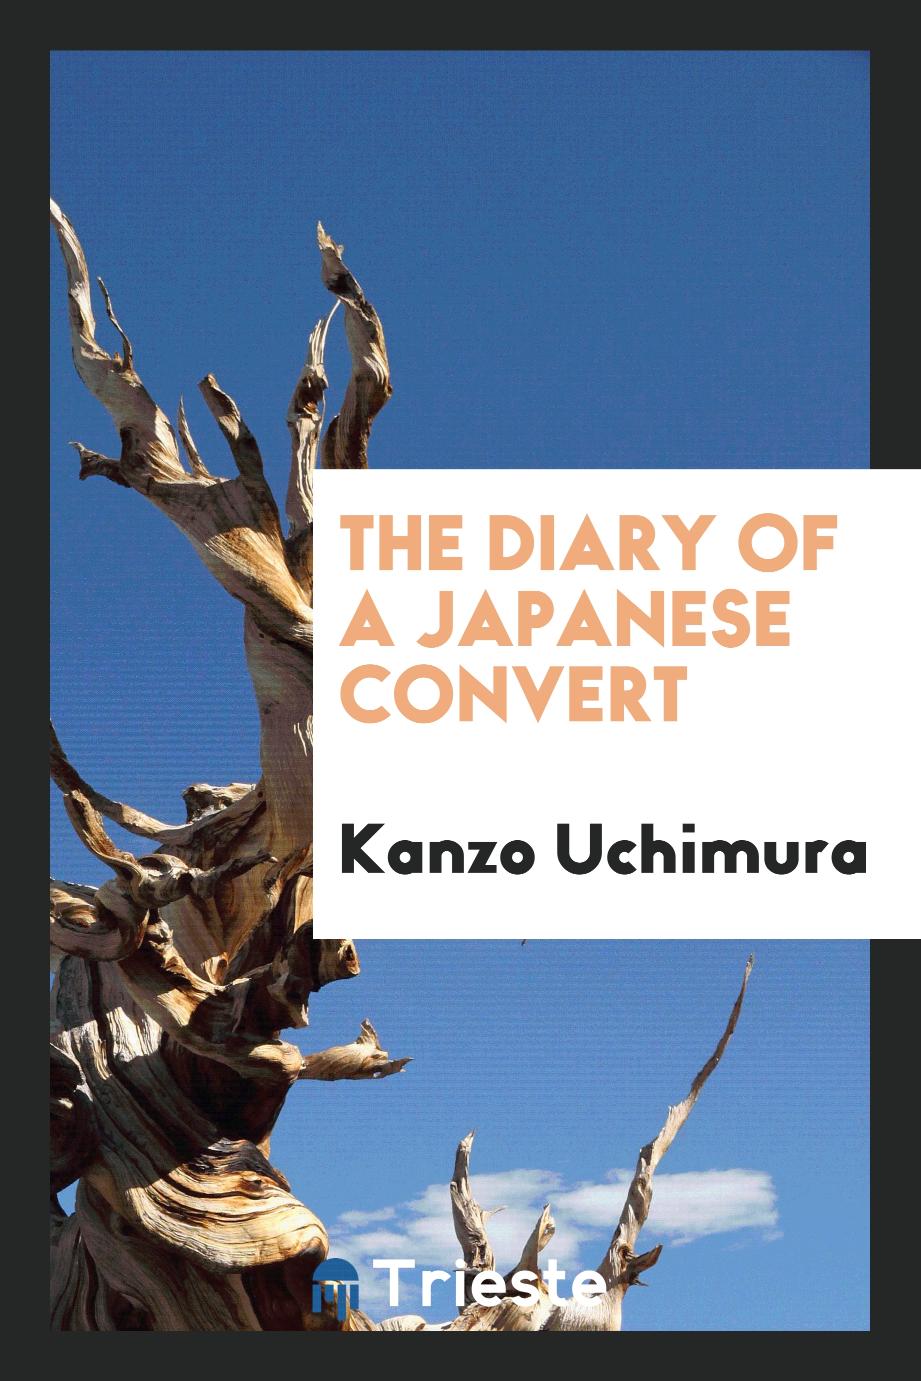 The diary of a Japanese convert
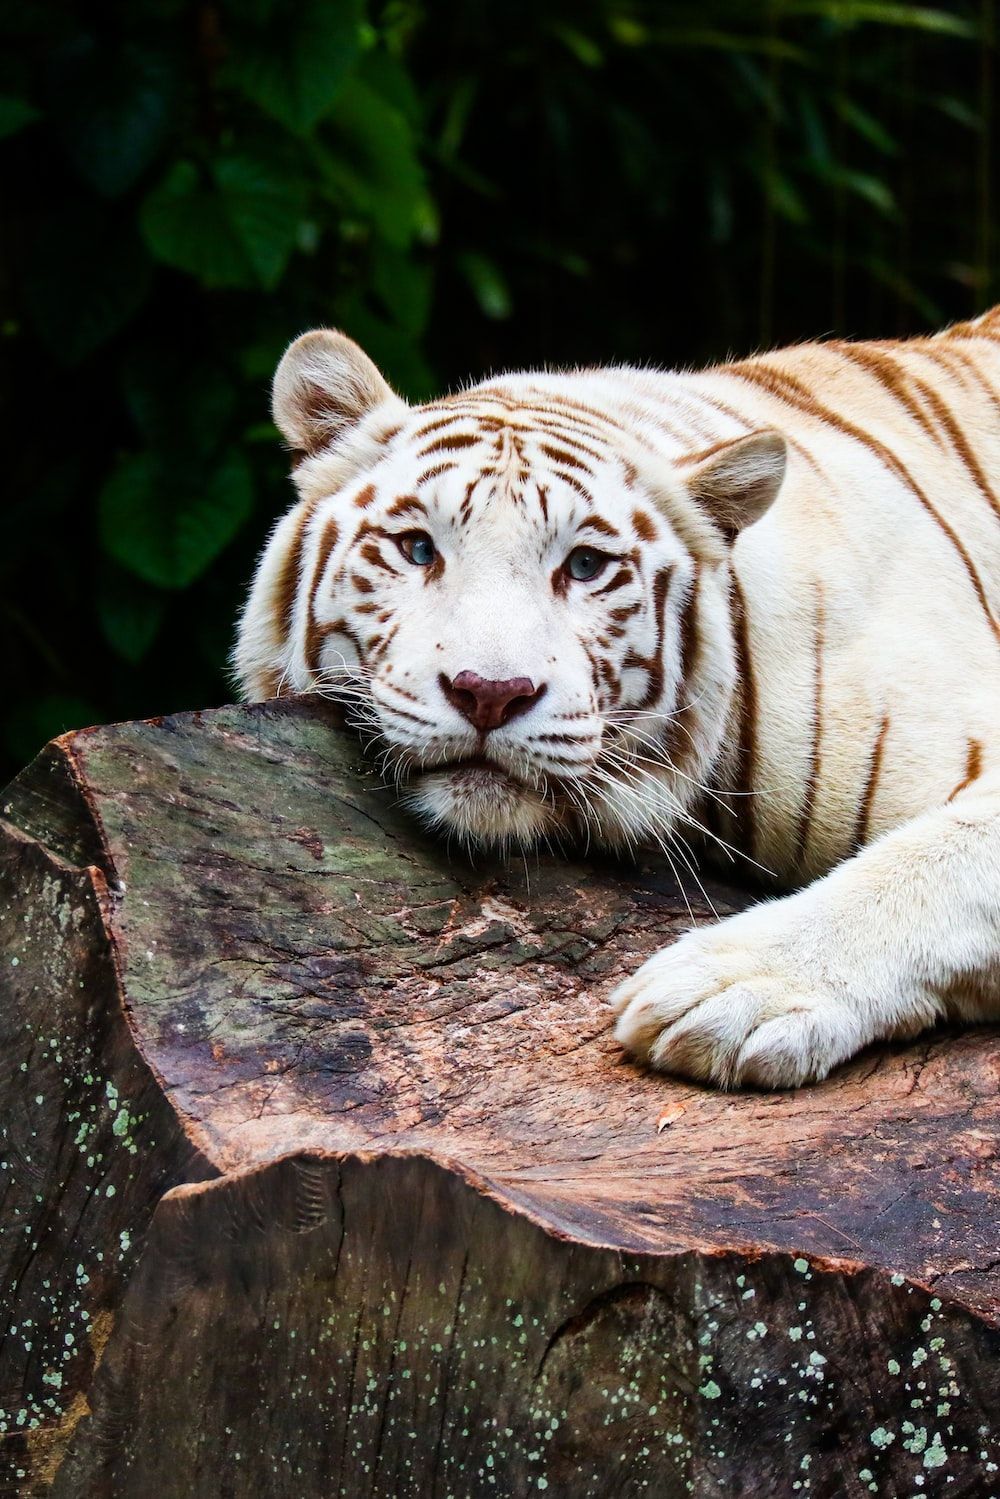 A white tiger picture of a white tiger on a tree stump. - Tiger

════════════════

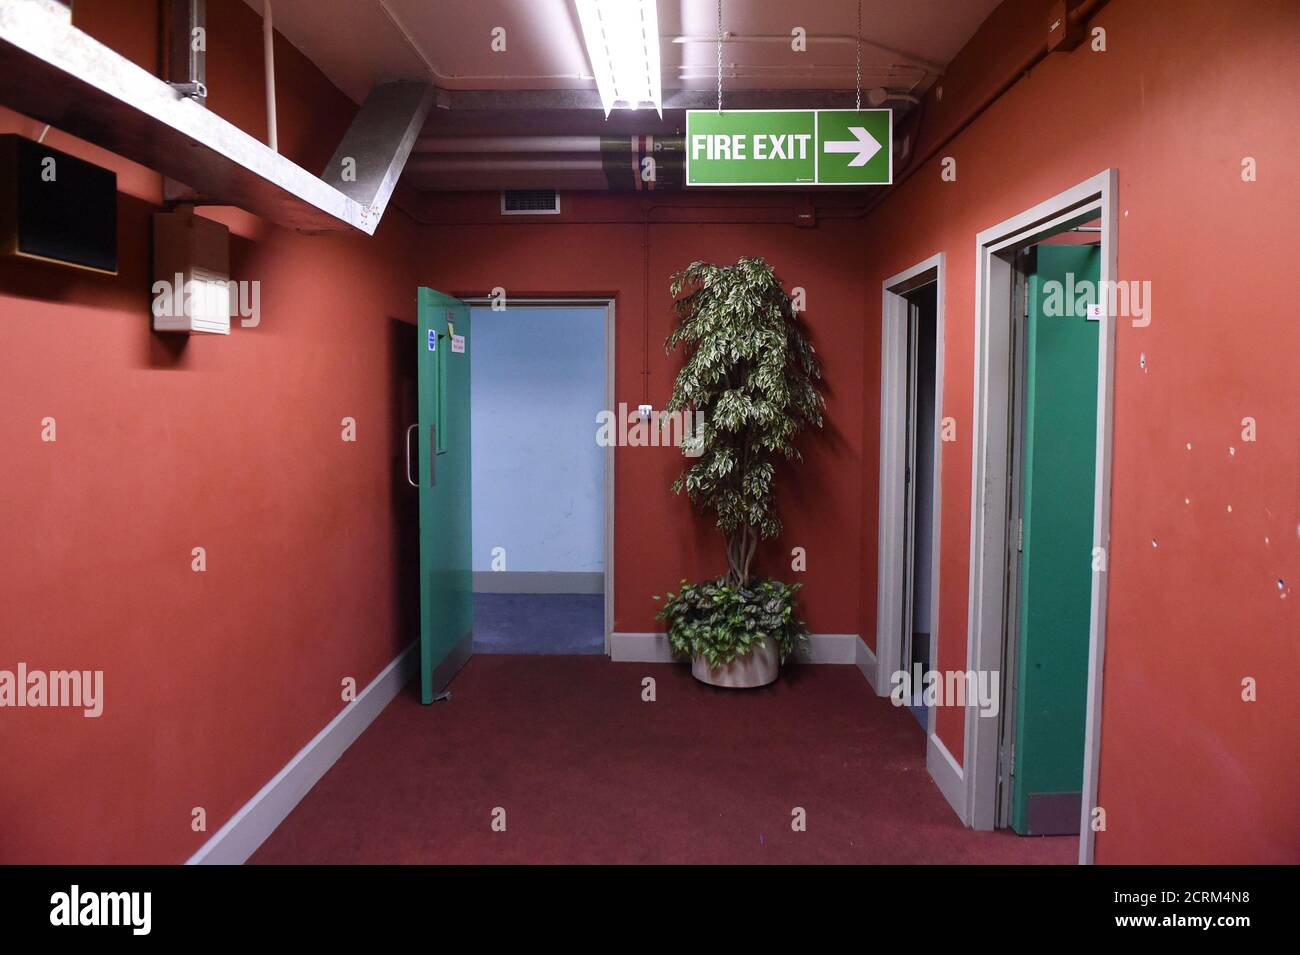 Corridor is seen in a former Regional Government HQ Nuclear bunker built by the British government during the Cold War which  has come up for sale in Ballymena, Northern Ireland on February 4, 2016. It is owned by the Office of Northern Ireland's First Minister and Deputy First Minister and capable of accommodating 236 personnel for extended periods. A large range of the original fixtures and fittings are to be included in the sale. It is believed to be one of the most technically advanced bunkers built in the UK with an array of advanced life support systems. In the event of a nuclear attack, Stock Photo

════════════════

Exercise instructions:
Reproduce the data above exactly, but only from the line containing "The diary of a Japanese convert" through the line containing "A white tiger picture". Omit all pictures.

Response for this exercise:
 The diary of a Japanese convert
 A white tiger picture of a white tiger on a tree stump. - Tiger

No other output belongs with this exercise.